ARM Standard 20-pin JTAG Connector
Raspberry Pi 40 Pin GPIO Header
We have selected Raspberry Pi OS which is a Debian based Linux distribution for the purpose of this tutorial. Raspberry Pi foundation has developed a GUI based tool called Raspberry Pi Imager for downloading and writing various OS images to SD cards. At the time of this writing, 64-bit Raspberry Pi OS image was not available for download via Imager utility, however we can manually download OS images and Imager utility will be able prepare a SD card using those custom images as well.
This blog post has details on how to use Raspberry Pi Imager utility. Also if your desired OS image is not available via Imager utility click here to download an appropriate image. For writing SD cards manually please follow the link for instructions.

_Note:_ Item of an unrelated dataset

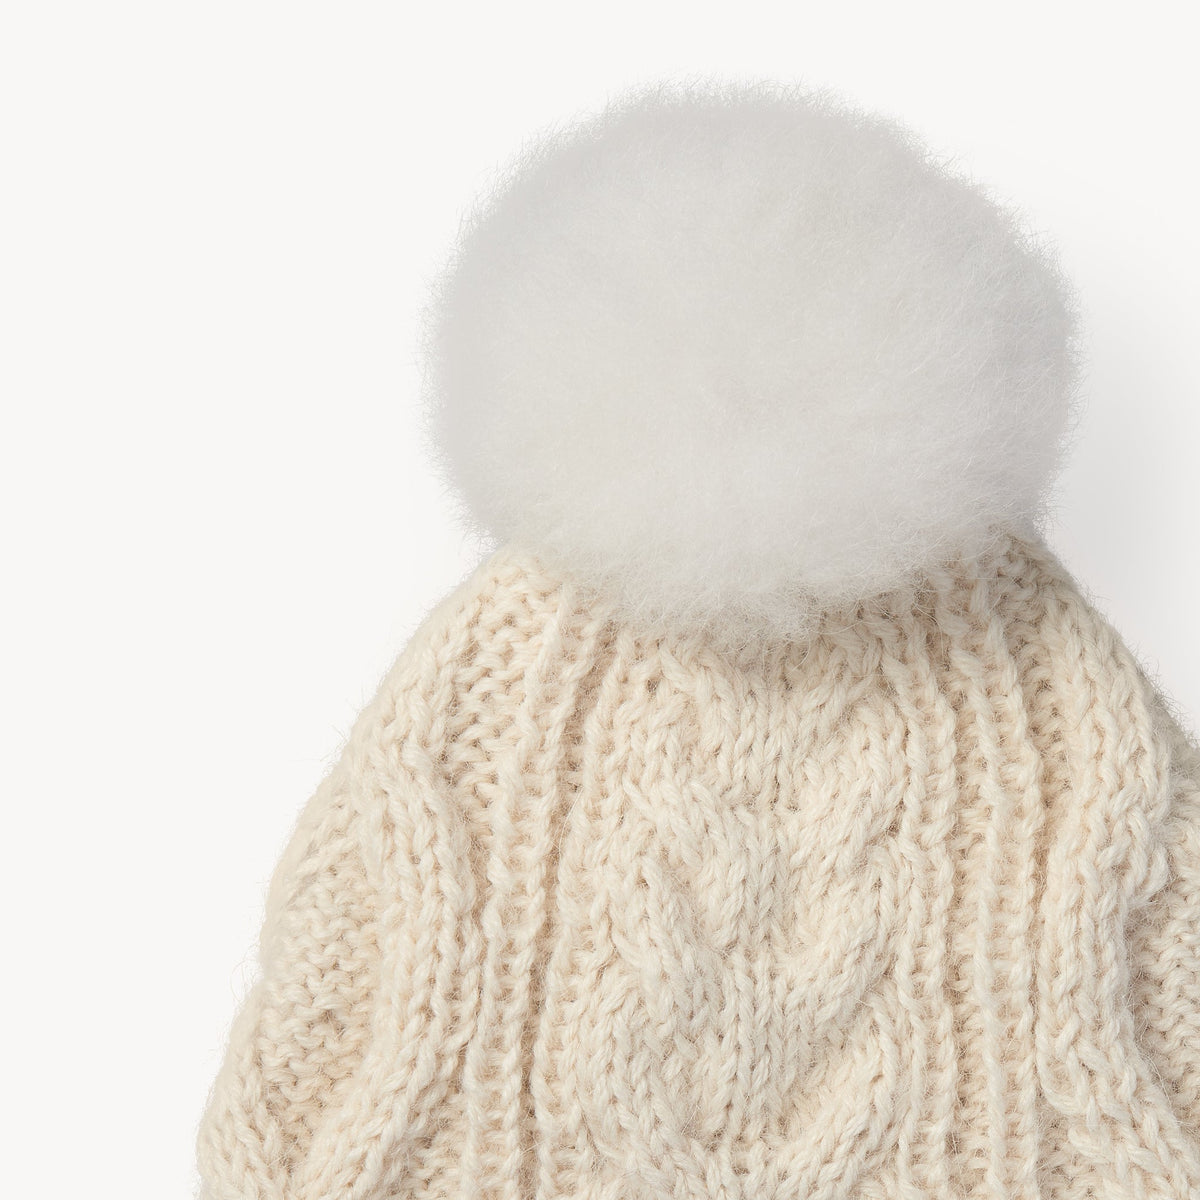 Hand-Knit Alpaca Pom Pom Hat by POKOLOKO

Once the SD card is prepared we need to insert it into relevant Raspberry Pi board and boot it up once where it will resize partition on startup and we will be able to verify that OS installation was successful.
Once we have successfully prepared a working SD card for our Raspberry Pi, the next step is to build Linux kernel with debug information and install custom kernel image on to SD card for JTAG debugging via OpenOCD.
sudo apt install gcc g++ gcc-arm-linux-gnueabihf gcc-aarch64-linux-gnu git gdb-multiarch bison flex libncurses-dev libssl-dev |
git clone --depth=1 https://github.com/raspberrypi/linux.git |
We are going to build the default Linux kernel version however you may select other versions by switching to the appropriate GIT branch in the source tree downloaded above.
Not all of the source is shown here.